## [WHAT THE TASK REQUIRES]
Transcribe the whole listing without a single picture.

## [PROVIDED DATA]
- - -
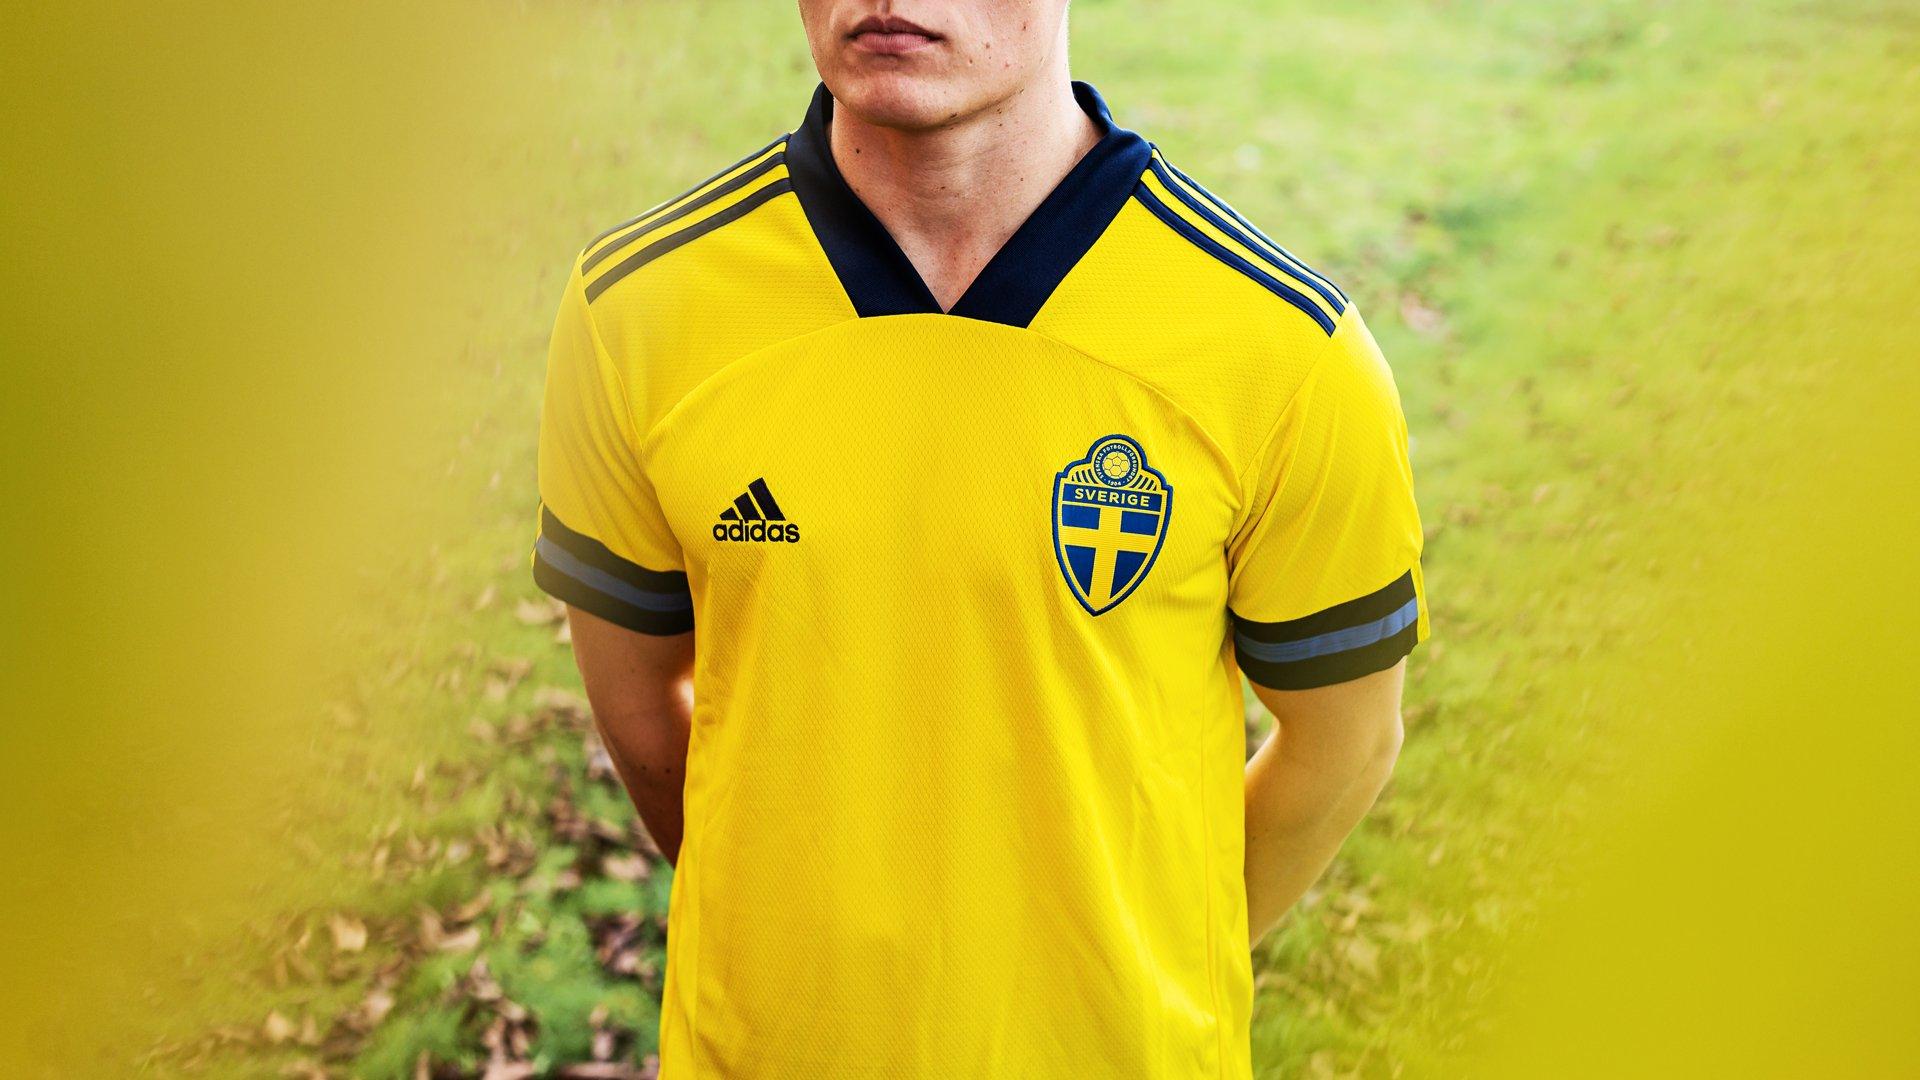 Sverige Hemmatröja 2020 | Läs mer om tröjan från adidas på
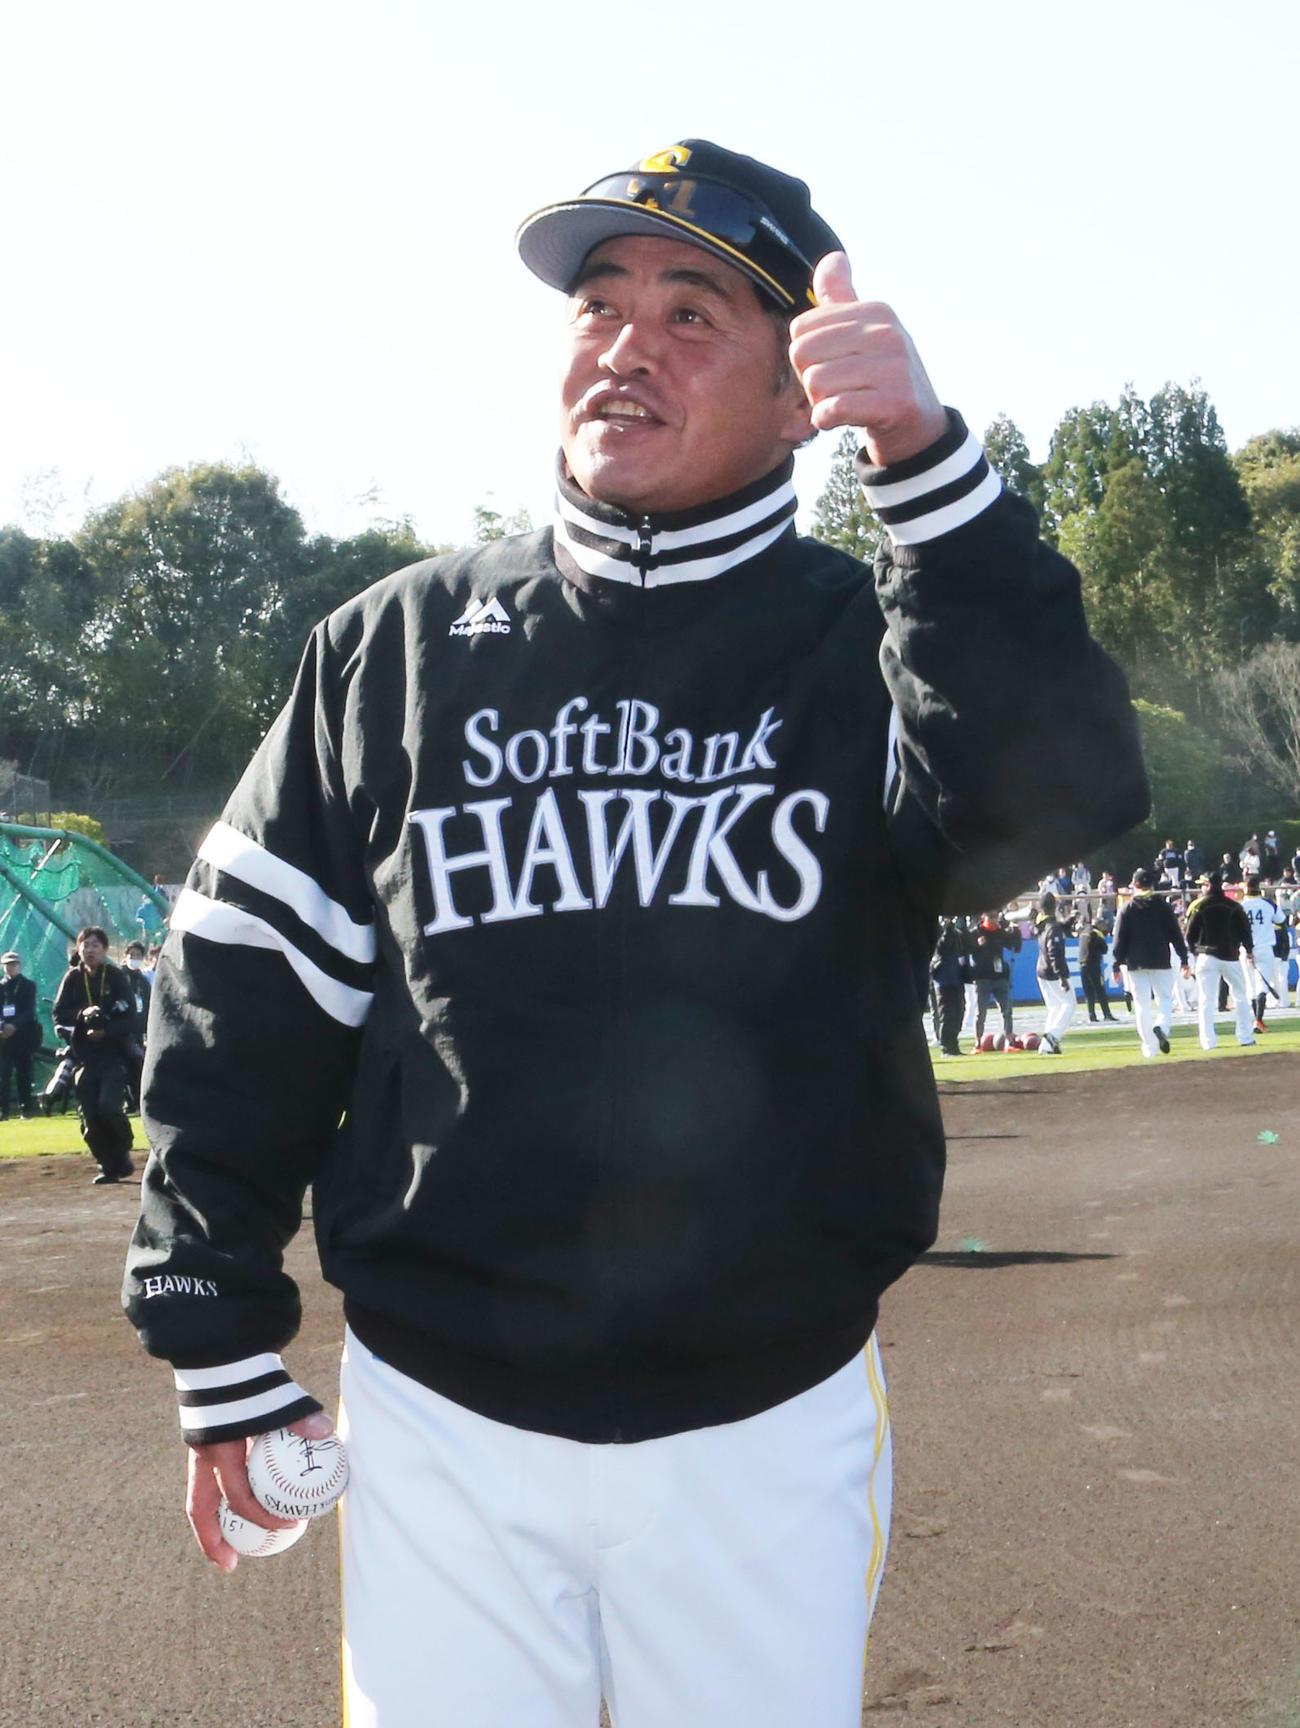 練習前、ファンに向かって笑顔を見せる工藤公康監督(撮影・梅根麻紀)
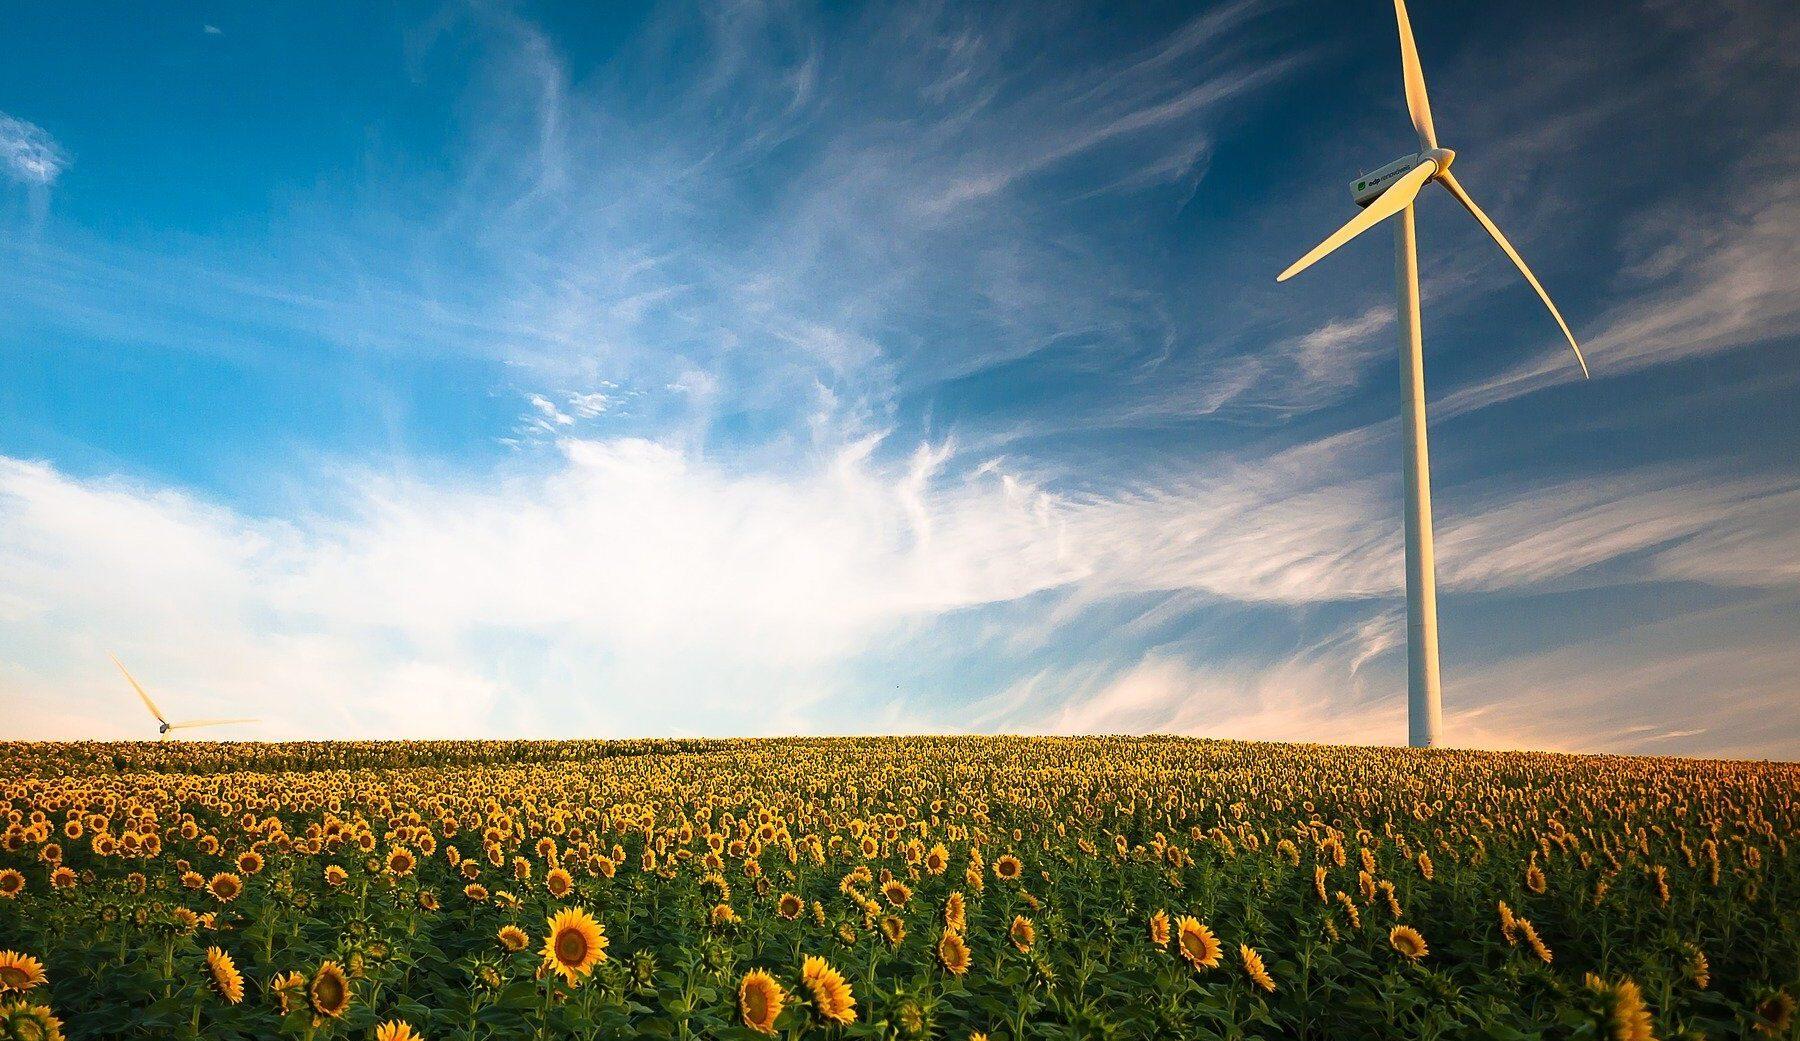 Правительство готовится запустить в 2022 году национальную систему зеленых сертификатов
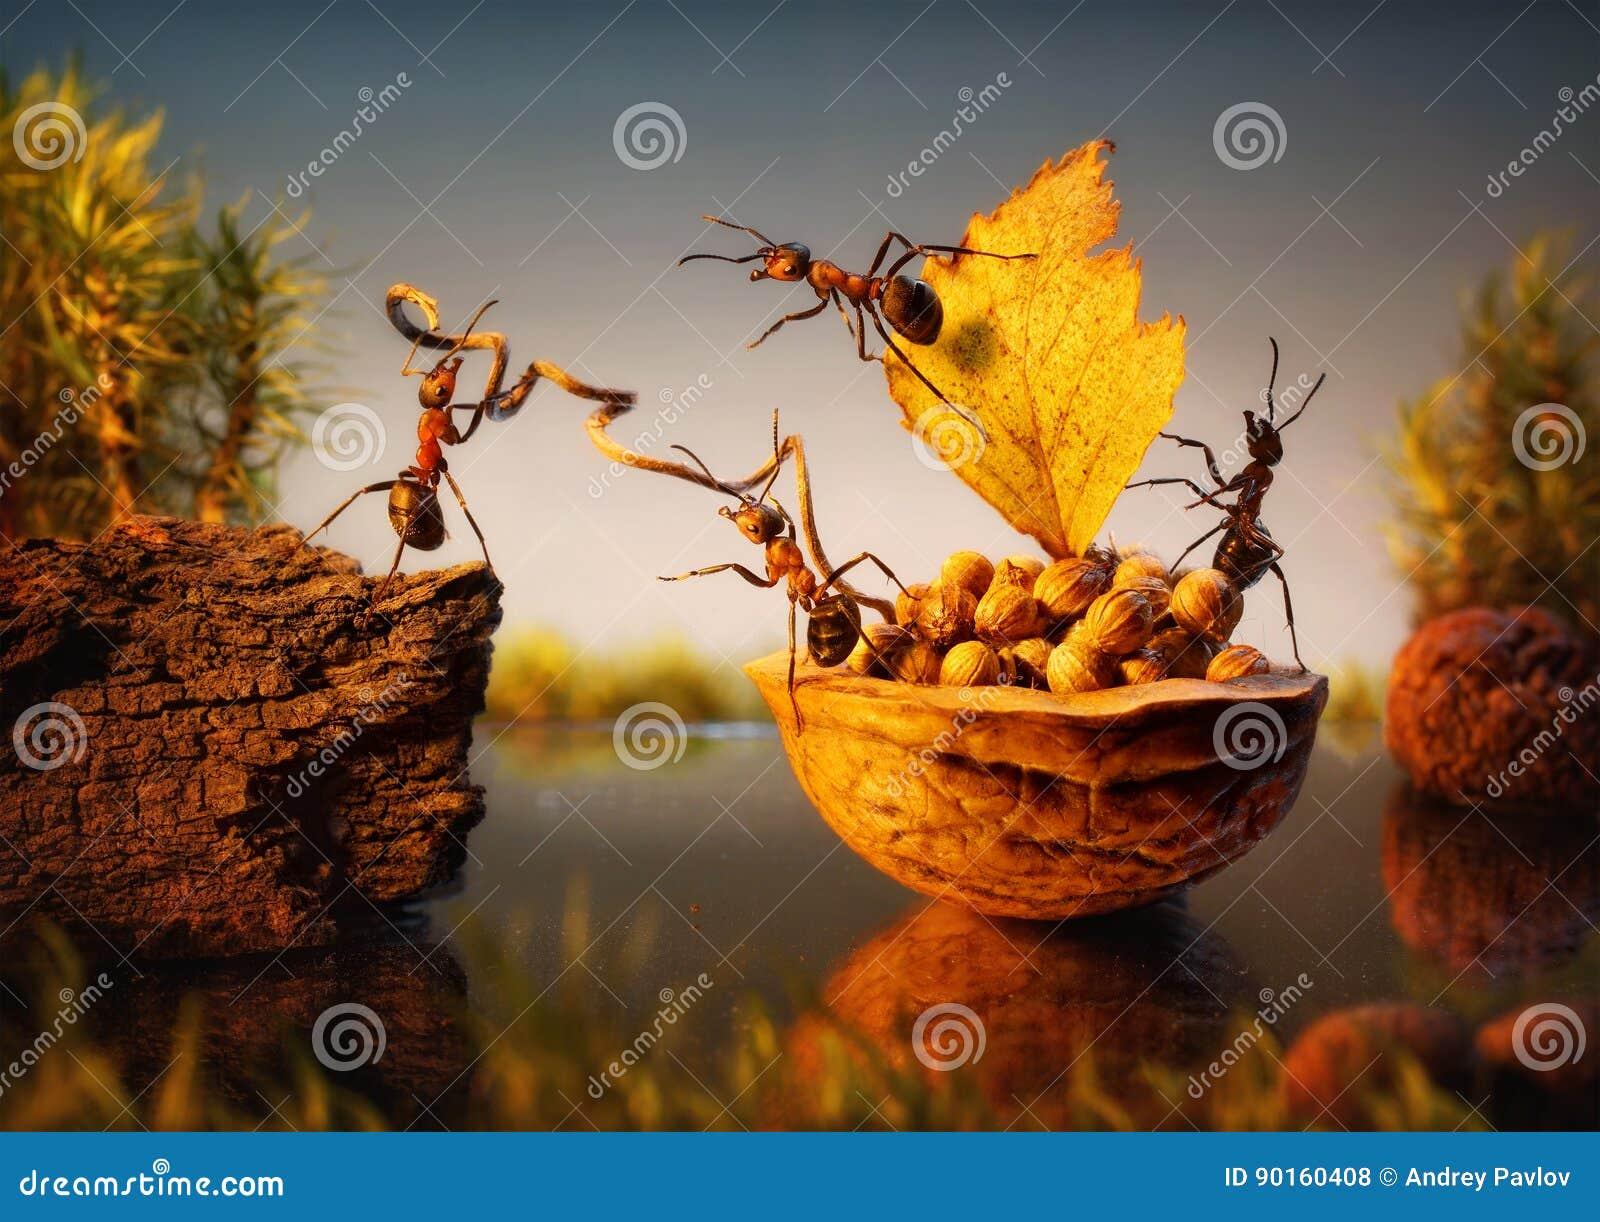 El equipo de hormigas amarra la corteza con las nueces, trabajo en equipo
- - -
## [TASK OUTPUT]
 Sverige Hemmatröja 2020 | Läs mer om tröjan från adidas på
 練習前、ファンに向かって笑顔を見せる工藤公康監督(撮影・梅根麻紀)
 Правительство готовится запустить в 2022 году национальную систему зеленых сертификатов
 El equipo de hormigas amarra la corteza con las nueces, trabajo en equipo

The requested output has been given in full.